The question reads:
Find the positive generator of the smallest ideal in $\mathbf Z$ containing the following ideals:
a. $(4)$ and $(18)$. My answer is $(m)=(4)$.
b. $(6)$ and $(35)$. My answer $(m)=(3)$.
My reasoning for these solutions is that the ideal for the ring of integers is a set closed under addition and multiplication where $A=\{k(m):k\in\mathbf Z\}$ and $A$ is the ideal. Since the positive generator should be the smallest containing I chose $(4)$ for "a" and $(3)$ for "b". I believe there is a word for these numbers ($\gcd$ or $\operatorname{lcm}$?).
Additionally, how would the solution differ if the question had instead asked
"Find a (single) generator of the ideal in $\mathbf Z$ containing the following ideals"?

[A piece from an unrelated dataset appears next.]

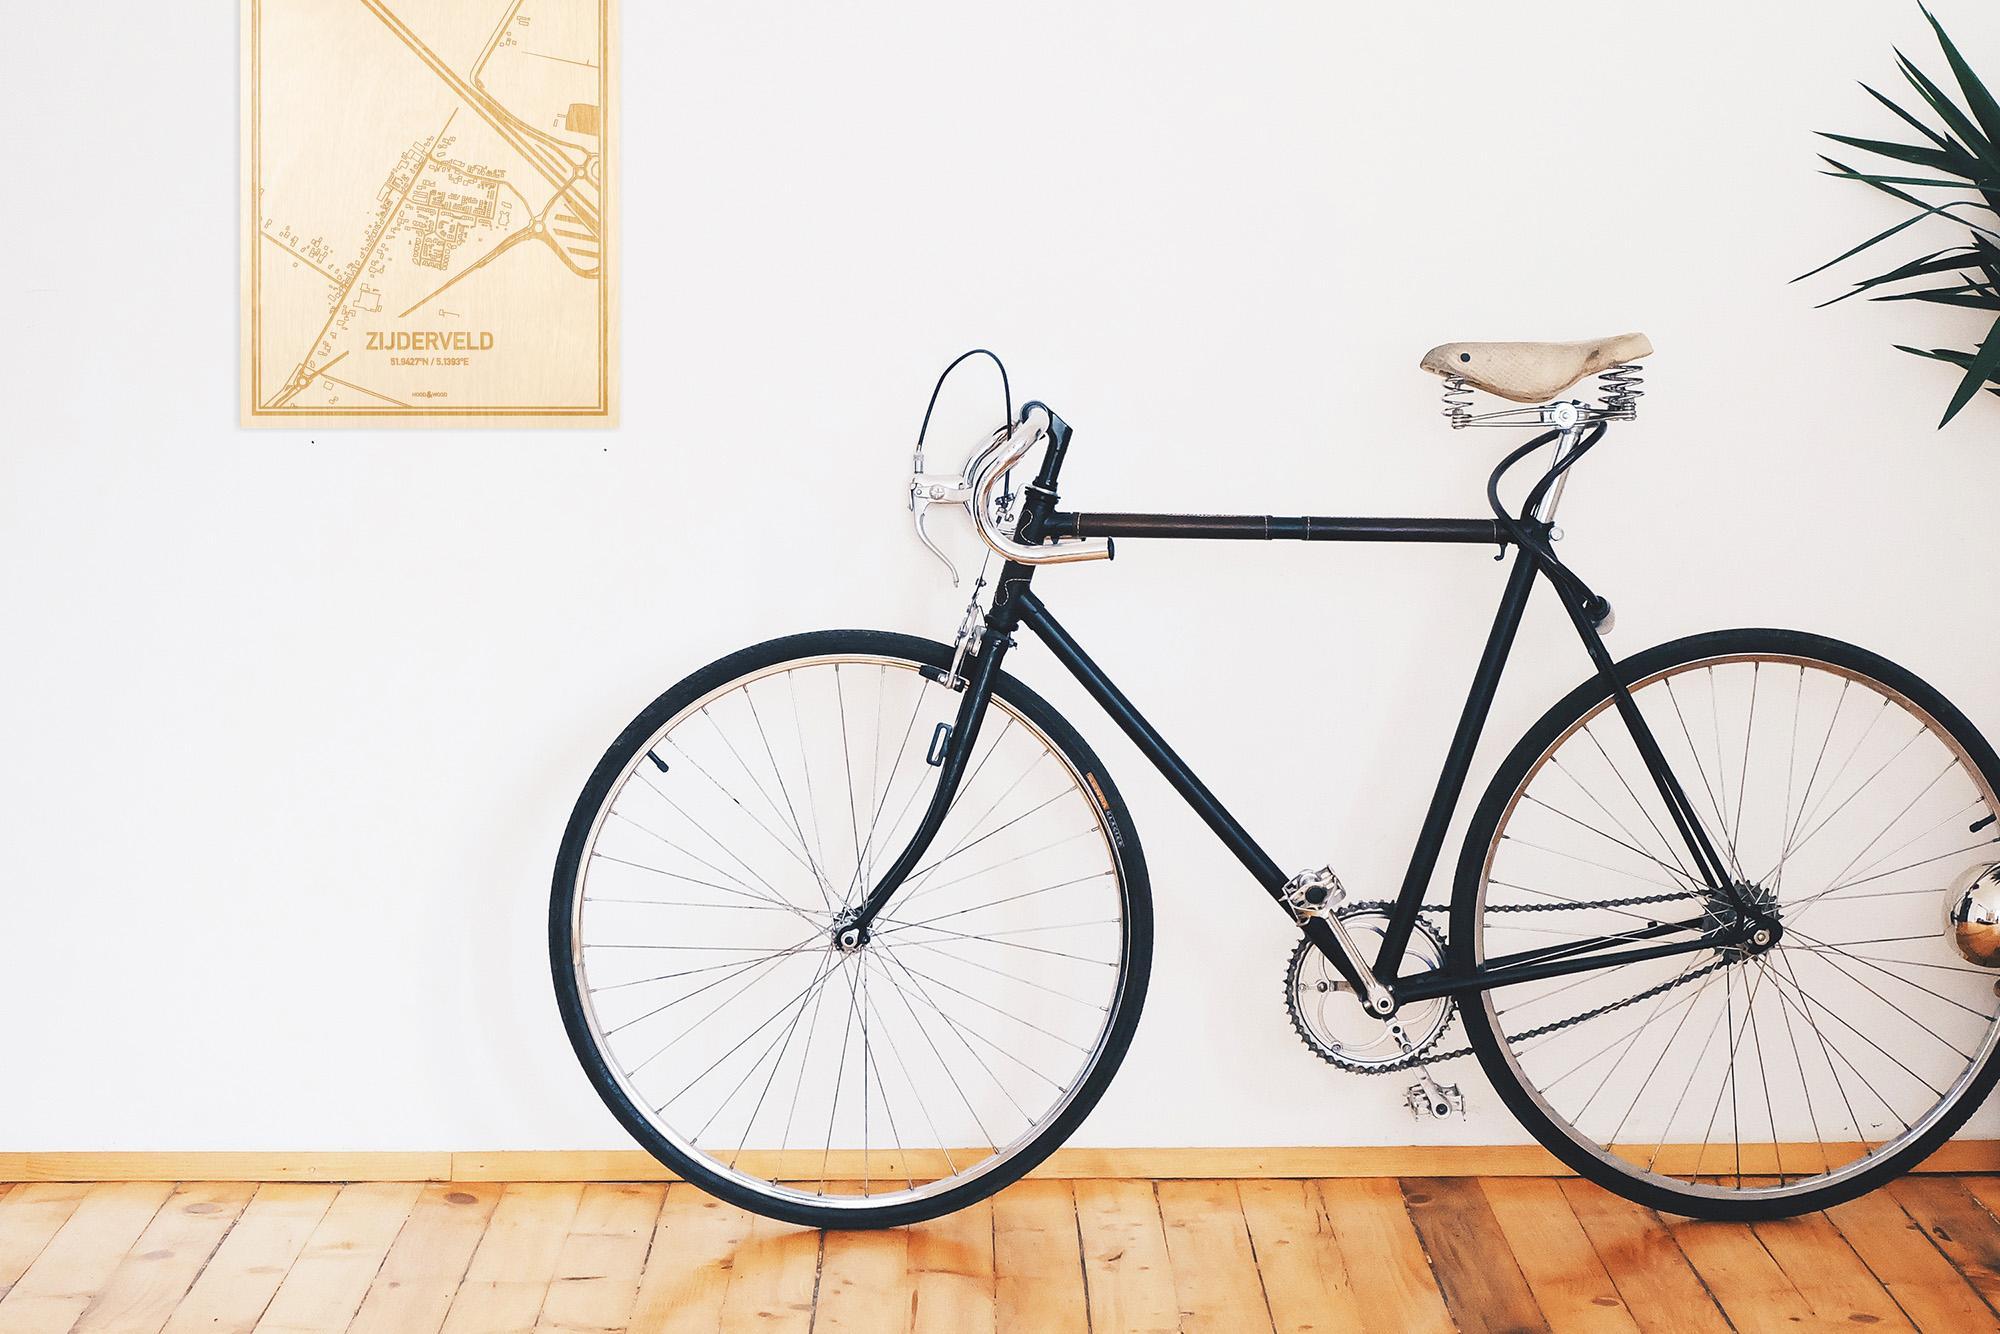 Een snelle fiets in een uniek interieur in Utrecht met mooie decoratie zoals de plattegrond Zijderveld.

Thank you for your time and guidance!
If $m,n \in \Bbb Z$, then the smallest ideal containing $(m)$ and $(n)$ is the ideal $(\gcd(m,n))$. For (a) this means the ideal $(2)$, while for (b) this means the ideal $(1) = \Bbb Z$ (because $6$ and $35$ are coprime).

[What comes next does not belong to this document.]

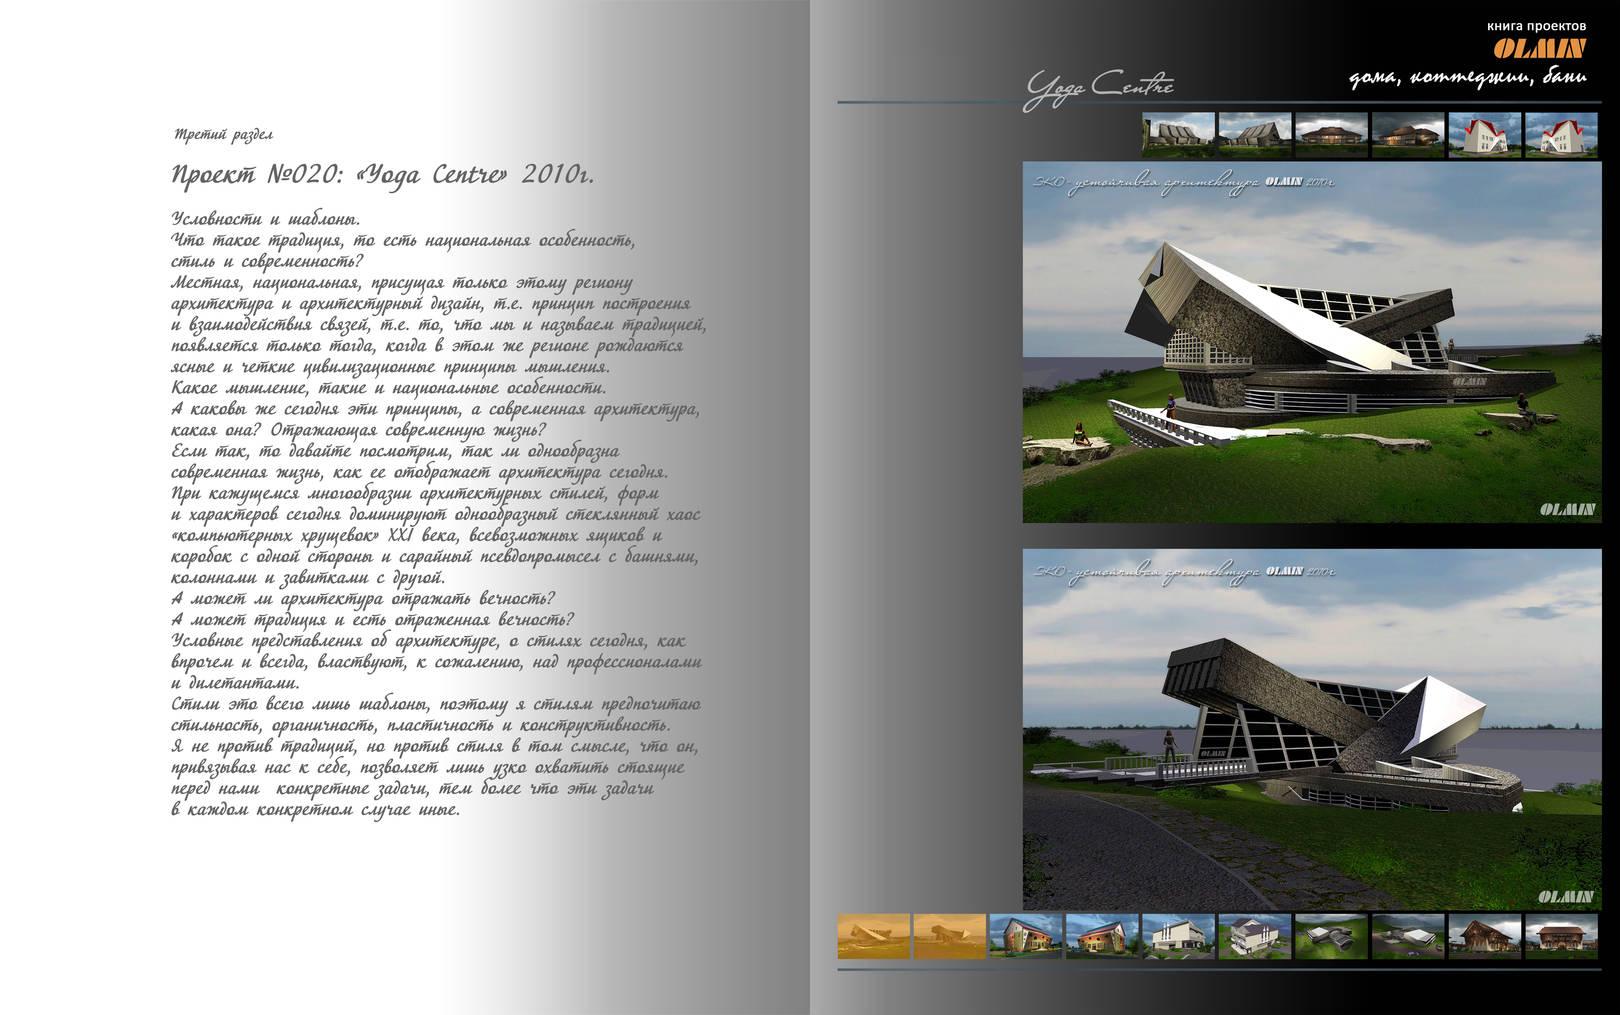 Йога-Спа-центр, конкурсный проект, Зап. Македония, Греция. 2010 г.

Each ideal $(m) \subseteq \Bbb Z$ is generated by any invertible element of $\Bbb Z$ multiplied by $m$. Since the only invertible elements of $\Bbb Z$ are $1$ and $-1$, the ideal $(m)$ is generated by $m$, as well as by $-m$.
In your examples, $(2)$ is generated by $2$, and is also generated by $-2$; clearly the positive generator is $2$. Similarly, the positive generator of $\Bbb Z$ is $1$.
If the question had been modified by dropping the positivity requirement, any of $2$ and $-2$ (and, respectively, $1$ and $-1$) would have been a correct answer.